[Date Prev][Date Next][Thread Prev][Thread Next]
- Subject: Re: bit.lshift and performance - luabitop v.s. lua-5.2.0-work4
- From: KHMan <keinhong@...>
- Date: Fri, 15 Oct 2010 09:26:01 +0800
On 10/15/2010 8:54 AM, David Manura wrote:
On Thu, Oct 14, 2010 at 9:50 AM, KHMan wrote:
On 10/14/2010 11:55 AM, David Manura wrote:
now requires two special cases: nbits == 0 and nbits == 32.
This is not for deflate, is it? There is no real reason to be requesting 0
bits or 32 bit in deflate, because the original pkzip architecture is
designed for 64KB segments. Huffman codes are limited in length as well,
etc. The encoding and decoding process has no real reason to be asking for 0
or 32 bits... ???
A good question. ModuleCompressDeflateLua never extracts 32-bits at a
time from the bitstream during Deflate. Rather, in parsing the gzip
header/footer, there are three occasions where it extracts 32-bit
integers from the bitstream:
local mtime = bs:read(32) -- Modification TIME
local crc32 = bs:read(32)
local isize = bs:read(32) -- ignored
Granted, the gzip wrapping could be processed byte-wise instead, but
for consistency and given its triviality, it just reads from the same
bitstream as Deflate.
These are all well-aligned standard header fields. Reading them
the usual way should be fine. The variable bit stream calls are
for the compressed Huffman tree and the LZ encoding, and these are
I think designed to be within 1-16 bit in length, per the original
Just a little puzzled as to why a compression algorithm needs to call to get
0 bits -- which sounds like a no-op. Yet to see any algorithm that does it.
If it's not for deflate, then getting 32 bits can just skip everything and
use a faster call.
It reads a variable number (possibly zero) of "extra" bits:
else -- val> 256 (i.e. extra bits)
local nextrabits = tdecode_len_nextrabits[val]
local extrabits = bs:read(nextrabits)
local len = len_base + extrabits
local dist_nextrabits = tdecode_dist_nextrabits[dist_val]

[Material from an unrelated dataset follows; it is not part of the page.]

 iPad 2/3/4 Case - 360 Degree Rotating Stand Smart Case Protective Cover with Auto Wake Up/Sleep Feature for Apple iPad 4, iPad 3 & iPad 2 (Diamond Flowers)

local dist_extrabits = bs:read(dist_nextrabits, true)
local dist = dist_base + dist_extrabits
Oh that, I see why you would want to optimize that way.
The encoded length codes has a linear distribution (meaning that
with the extra offset bits, the actual distribution falls
exponentially) or more often, exponential (actual distribution
will be a very steep exponential curve). Same for distance codes.
I have very detailed data for LZF, if you want to see some trends.
So, deflate is designed so that many of encoded length values do
not need any extra bits, or "more has fewer bits".
If we use an 'if' test, then the zero extra bits portion should be
a bit faster and will run more often. This might just balance out
having to execute all those extra lines if you were to use
something that works with [0,32].
Furthermore, it skips over a variable number (possibly zero) of bits
to the next byte alignment (e.g. on uncompressed blocks or the gzip
if btype == BTYPE_NO_COMPRESSION then
Of course, these are minor cases, more of convenience than necessity,
and it would be easy enough to handle 0 and 32 specially.
Once per block, not much there. I think using the thing for [1,31]
is fine, but that's just me. :-)
Kein-Hong Man (esq.)
Kuala Lumpur, Malaysia